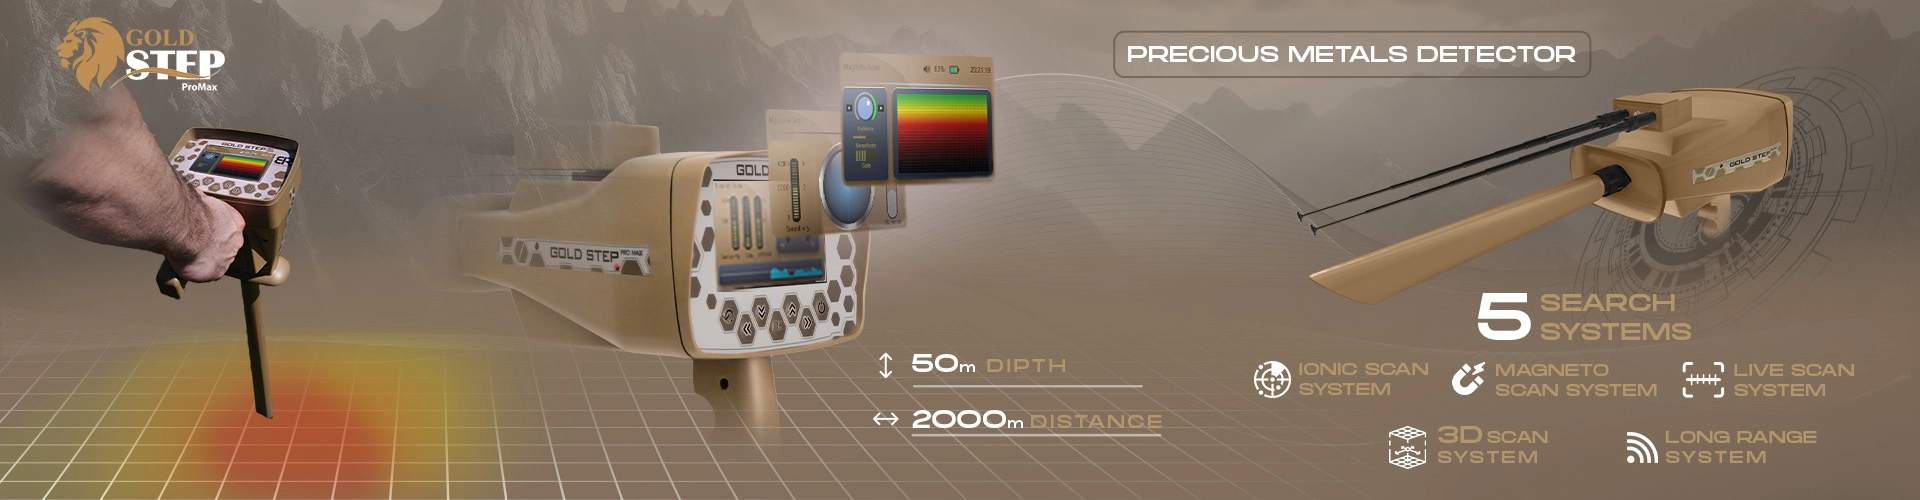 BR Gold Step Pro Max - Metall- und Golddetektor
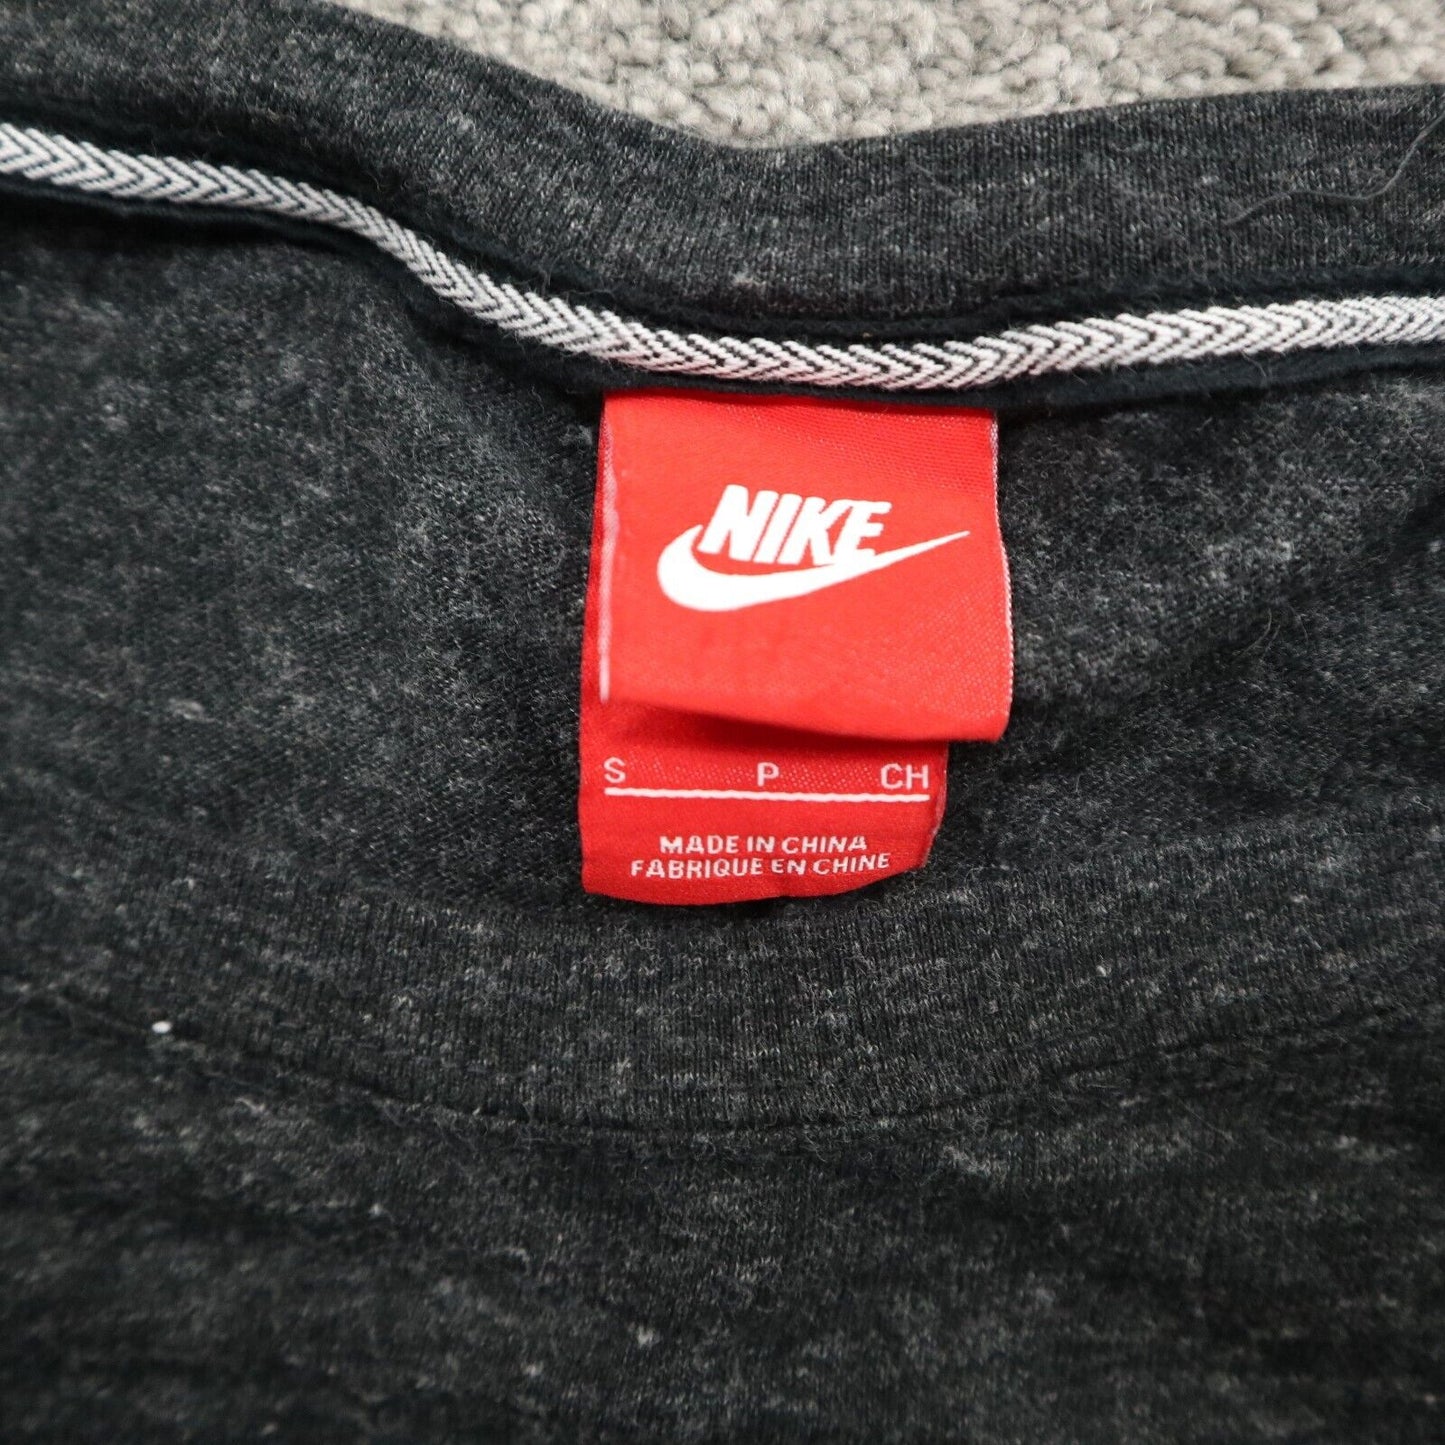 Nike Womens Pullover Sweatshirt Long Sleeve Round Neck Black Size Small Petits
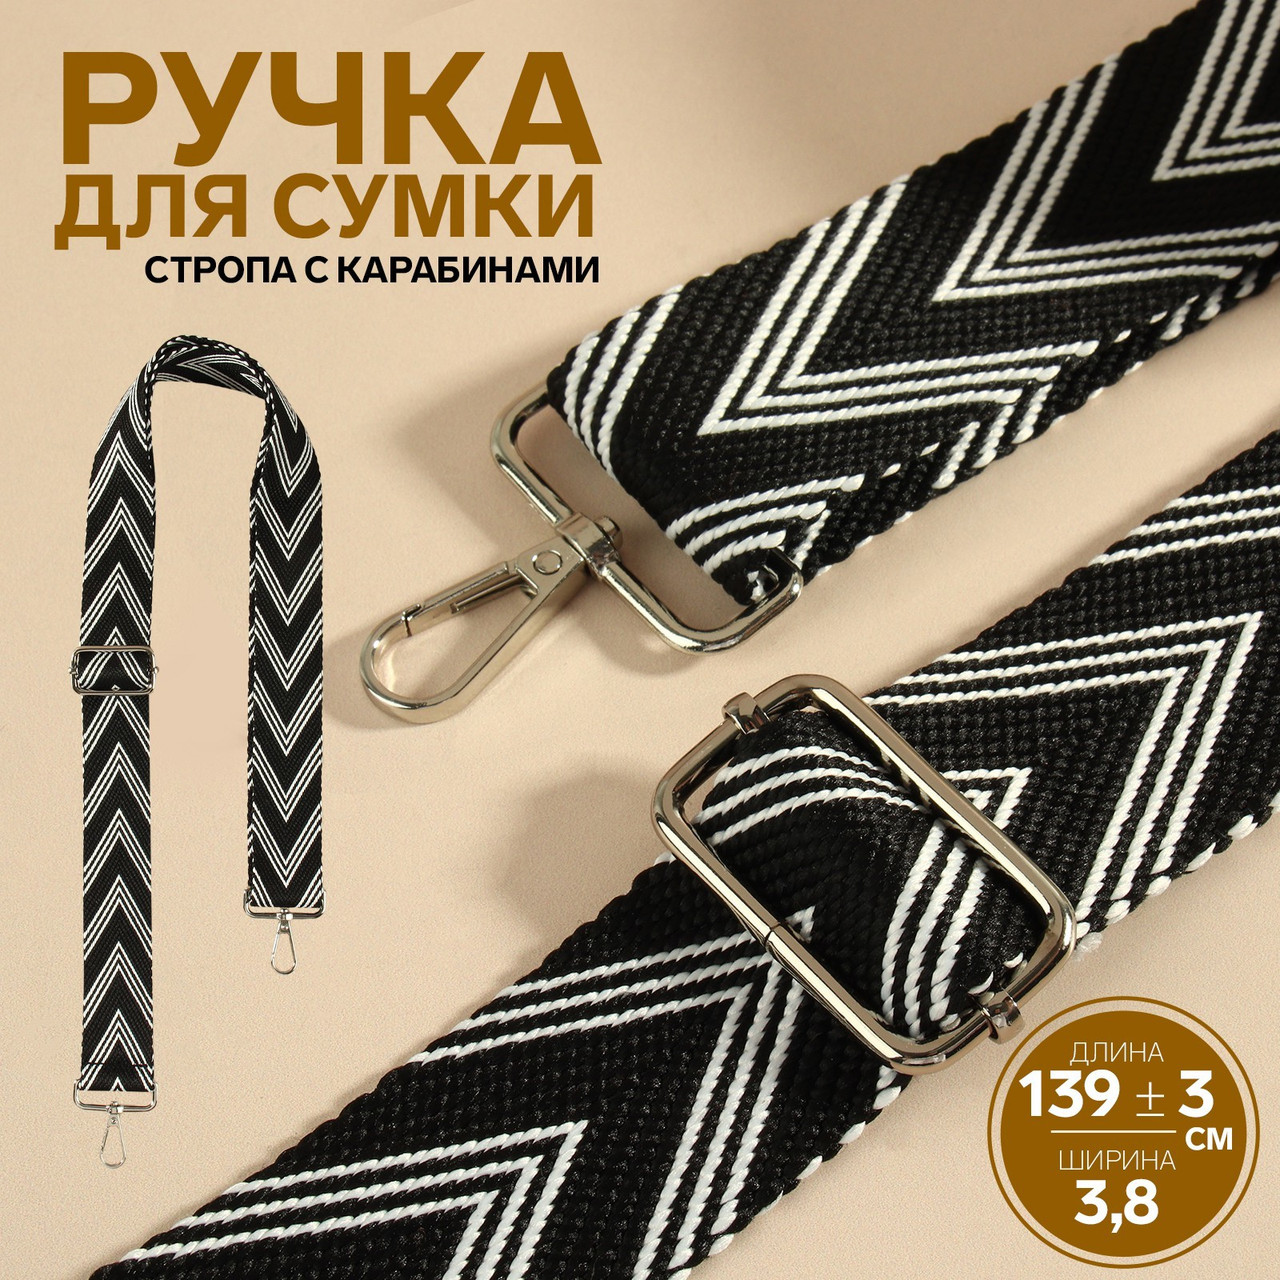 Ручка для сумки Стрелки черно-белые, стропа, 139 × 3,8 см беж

= = =

**WORK REQUIRED:**
Reproduce the data word for word without its images.

**RESPONSE AREA:**
 BR Gold Step Pro Max - Metall- und Golddetektor
 Nike Womens Pullover Sweatshirt Long Sleeve Round Neck Black Size Small Petits
 Ручка для сумки Стрелки черно-белые, стропа, 139 × 3,8 см беж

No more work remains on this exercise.